The World Inside is one of Robert Silverberg’s relatively few fixups [1], being composed of six stories published from 1970-71 [2]. It was published in book form by Doubleday in July 1971, though the book I read was the September 1972 Signet paperback.

The stories feature distinct plots (though they aren’t very strongly plotted) but recurring characters in which a peripheral character in one story will be a main character in another and vice versa. They all share the same basic setting (Urban Monad 116) and, together, paint a picture of a future society in 2381 where overpopulation has been embraced and many billions of people actually take up less land area than they do now, as almost everyone has been packed into immense skyscrapers called “Urban Monads”, several of which form physically proximate but socially isolated “constellations”. Within these vast and heavily populated buildings, a velvet-gloved dystopia lurks behind lots of late 60s/early 70s sex, drugs, and rock’n’roll. Almost all of Silverberg’s 70s works are a barrel of laughs but this one is even more Leonard Cohenesquely suicidally depressed than most. And I have a hard time taking the physical and social structures seriously. But it is a very thought-provoking book that focuses on a kind of social science fiction that seems to have undeservedly become less popular than it was. The books that most spring to mind in connection with this are Make Room! Make Room! by Harry Harrison (for the overpopulation), Brave New World by Aldous Huxley (for the hedonistic dystopia), and both The Caves of Steel and The Naked Sun by Isaac Asimov (for the claustrophobia/philia and the packed/isolated social structures).

The first chapter/story (1/”A Happy Day in 2381″) uses the “strange visitor gets a guided tour by the native” method of showing us this timid new world. The native is the sociocomputator, Charles Mattern, and the stranger (whom we never see again) is Nicanor Gortman who is visiting from a terraformed Venus which has a horizontal social structure more like what we’re used to. (Siegmund Kluver, who stars in the final story, is a side character here.) Via the proud tour guide, we learn that procreation is a religion, that men prowl the building at night, randomly sleeping with other husbands’ wives which is considered “blessworthy” by all – indeed, to refuse is a capital offense, which results in getting sent “down the chute” to have one’s combusted matter provide energy for the urbmon. At the start of our story, Urban Monad 116 has an ominously young population of 881,115 and the “Chipitts” constellation (what used to be the region of Chicago to Pittsburgh) has a population of 40,000,000 [3], while the earth has a population of 75 billion. Aside from natural births and deaths, it’s one less by the end of the story as we meet a “flippo”, or someone who just can’t handle so much utopia and starts attacking people but is apprehended and disposed of. “It has been a happy day in 2381, and now it is over.”

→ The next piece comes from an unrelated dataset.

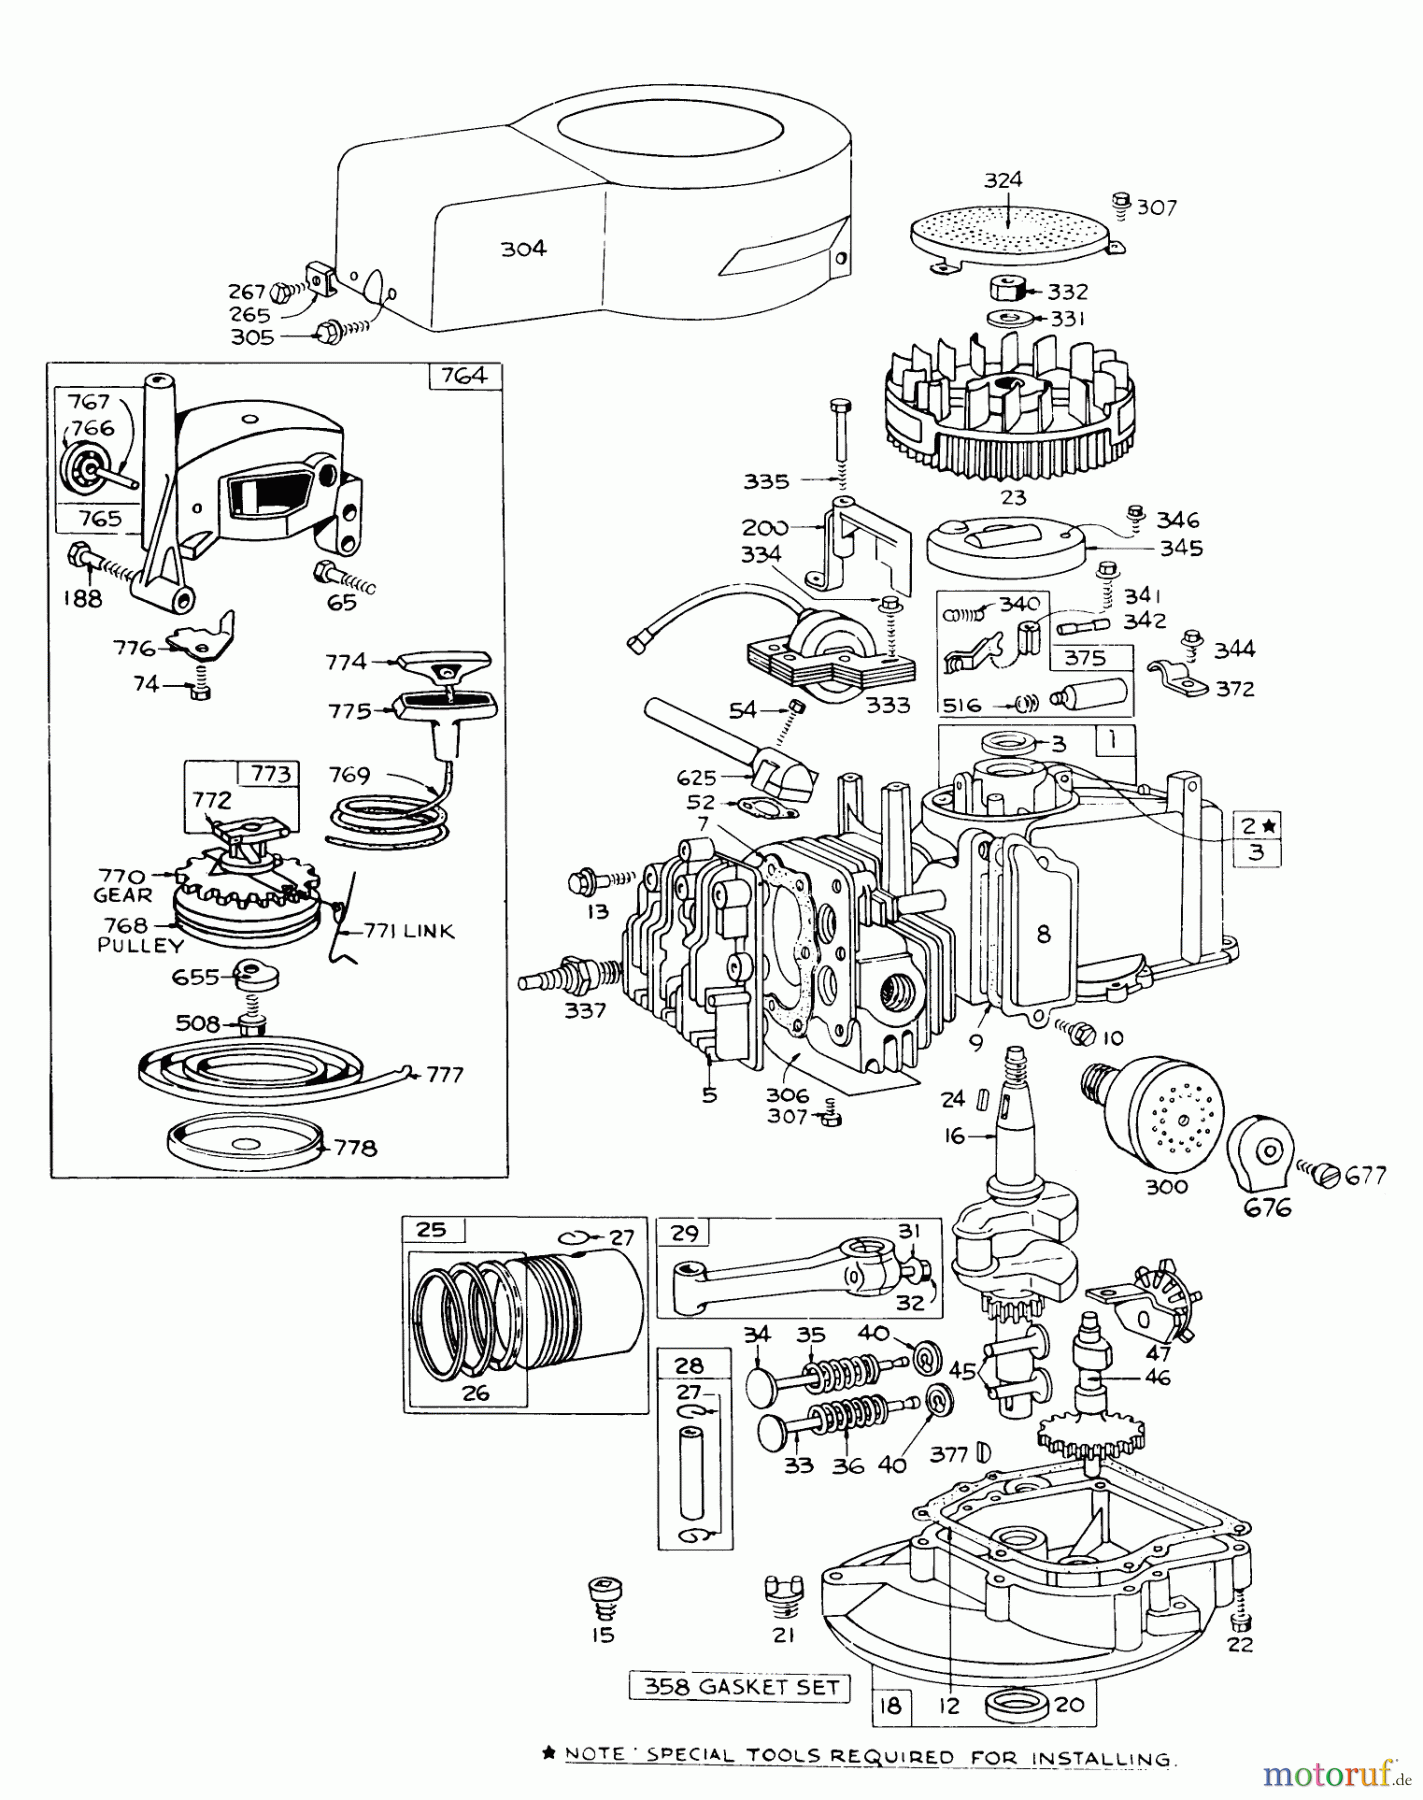  Toro Neu Mowers, Walk-Behind Seite 1 16073 - Toro Whirlwind Lawnmower, 1976 (6000001-6999999) ENGINE BRIGGS & STRATTON MODEL 92508-0904-01 FOR 19

Chapter 2/”In the Beginning” introduces us to Aurea Holston and the idea of people just short of flippos and what happens when an urbmon becomes overpopulated by even its own standards. A misinformation campaign is launched magnifying the number of volunteers who will be shipped off to a newly built urbmon and however many necessary people fail to volunteer are randomly drafted. Since the urbmon is the whole world any of them know and womblike in many ways (while being symbolically phallic as well) this is too traumatic for some, such as Aurea, who is sent off to be reprogrammed when she too vocally expresses her inability to accept her fate. If “blessmen” (priest-like) or “consolers” (psychologist-like) can’t pacify her, the “moral engineers” will. I guess the title must refer to “the beginning” of a new monad or perhaps to the “new” Aurea but it’s not very clear to me.

Chapter 3/”All the Way Up, All the Way Down” is Dillon Chrimes’ story. He plays the vibrastar in a cosmos group. His is the sex-drugs-and-rock’n’roll-iest story of them all, perhaps, being a musician who takes a drug and has sex while high so that he becomes one with the building. But it’s a Silverberg story, so he comes down.

Chapter 4/”The Throwbacks” may be my favorite of the tales. In a way, it’s silly but I still like it. Jason Quevedo is a historian whose thesis is that the humanity of the urbmons has become genetically distinct from, e.g., 20th century humanity due to rigorous self-selection for surviving in a very distinct environment. Modern humanity is free of jealousy and sexual hangups and so on. His wife, Micaela, disagrees with his thesis. This story is not all that much more strongly plotted than the rest but due to the psychological paranoia and the sense that a crisis is approaching and some nice misdirection as to its nature (I thought Jason might well be going batty and imagining everything, for instance, but wasn’t convinced either way) this story was more compelling than some others. I also enjoyed its historical perspective and some of Jason’s reflections on profanity and so on. And, of course, the real point of subversion and being alone together was more optimistic and less punitive than most of these tales.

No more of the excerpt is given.